Moreover, the images analyzed in this study included a significant proportion of promotional material. This aspect should be considered when interpreting our findings. Promotional images are often designed to capture attention and promote specific products or services, which can influence how older adults are represented, often focusing on aspects that resonate with the target audience’s expectations and marketing ideals. This promotional orientation can contribute to the perpetuation of stereotypes by depicting older adults in ways that align with prevailing social perceptions and expectations. However, the fact that these images come from promotional contexts does not invalidate their relevance in the discussion about public perception and stereotypes associated with ageing. On the contrary, it underscores the need for greater critical reflection on how visual representations influence social perceptions and the acceptance of emerging technologies among older adults. This study aimed not only to describe the content of the images but also to understand how these representations may reflect and, in turn, reinforce certain social perceptions and expectations.
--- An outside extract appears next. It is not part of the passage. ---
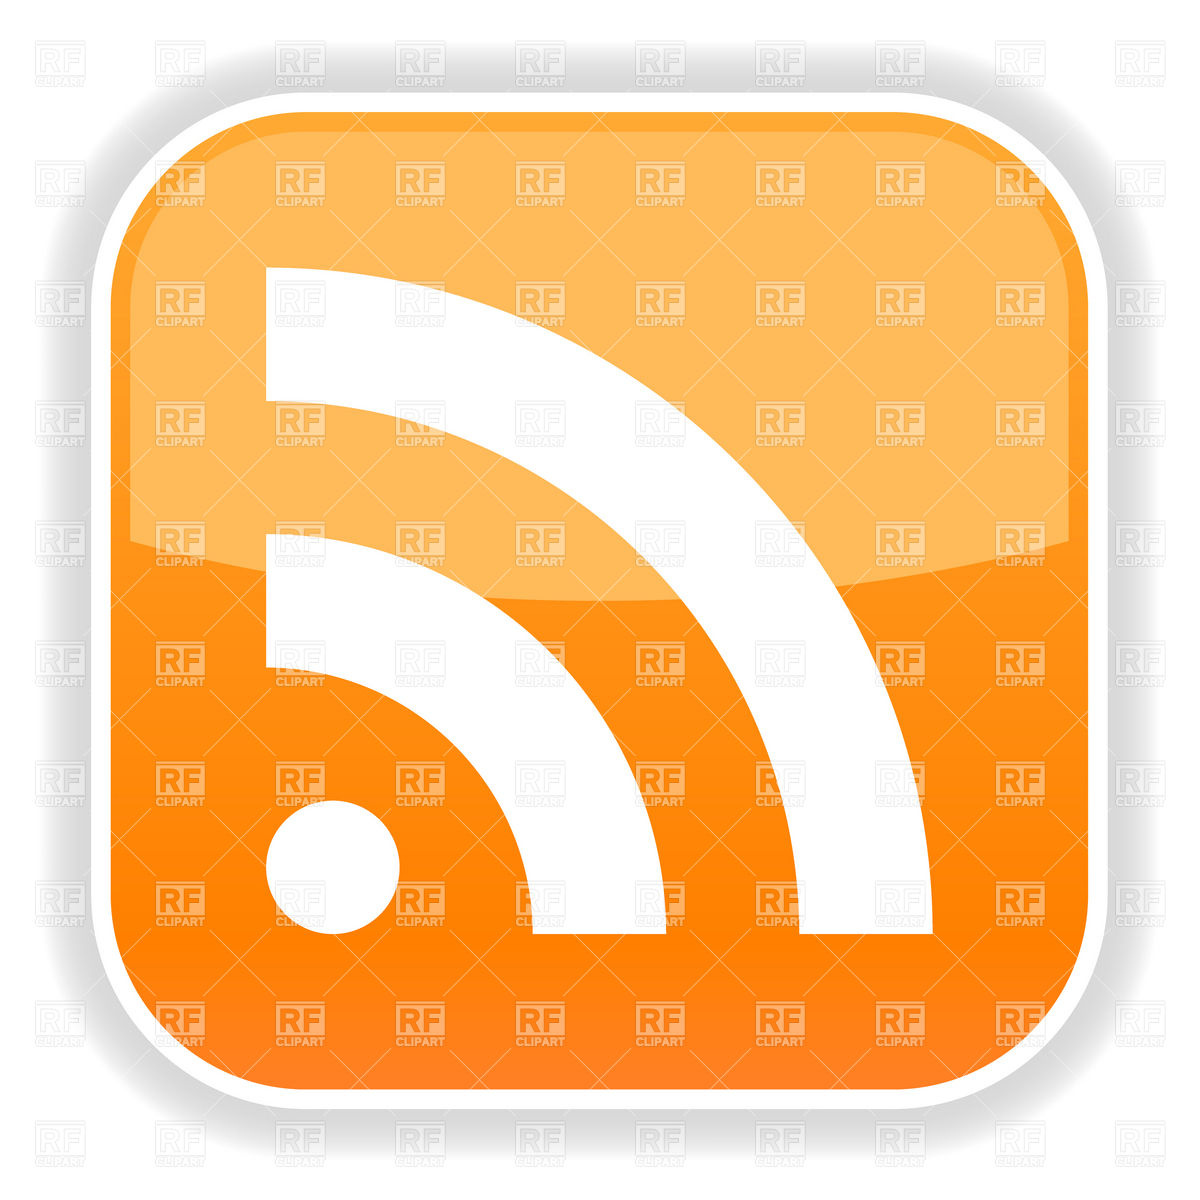 1200x1200 Orange Rss Web Button Vector Image Vector Artwork Of Signs
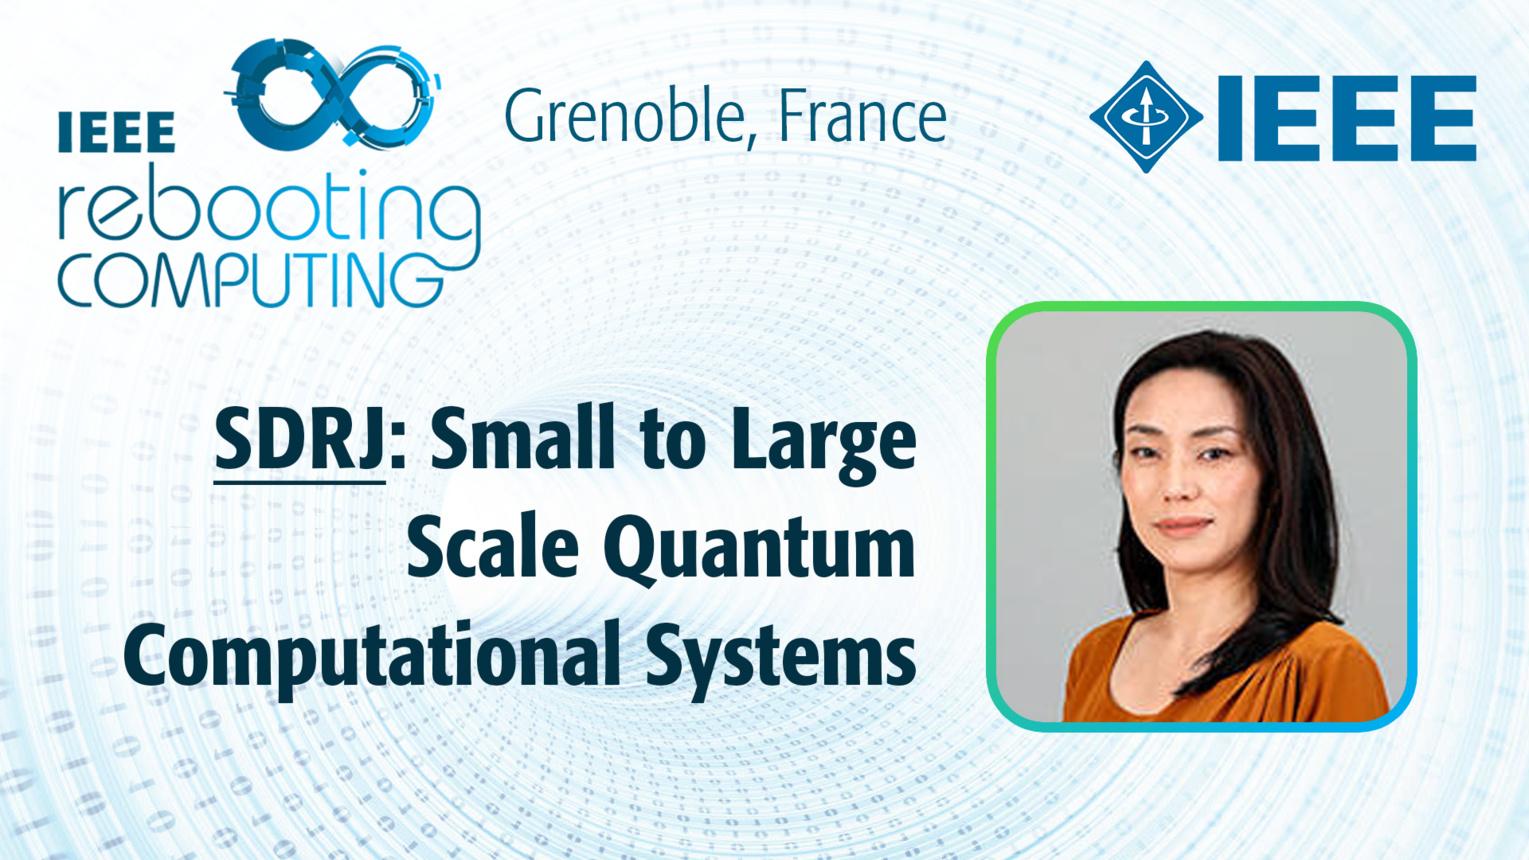 SDRJ: Small to Large Scale Quantum Computational Systems - Kae Nemoto at INC 2019

Future work would benefit from combining image analysis with additional research on how social perceptions and market expectations influence the representation of older adults. This would provide a more comprehensive and critical view of the impact of promotional images on the construction of identity and the social integration of older adults.
In addition, there were limitations in the use of AI, as stated in the Materials and Methods, but it was possible to verify, in the generated images, the representation of expressions related to emotions. In older people, they are ‘neutral’, or, if possible, they convey absence (gaze lost or fixed on the horizon) or inexpression (or ‘calm’ or ‘tranquility’, depending on how it is interpreted). Regarding health and environmental support technologies, although representations that resemble reality are displayed, they usually present older people within ‘futuristic’ and ‘unrealistic’ contexts.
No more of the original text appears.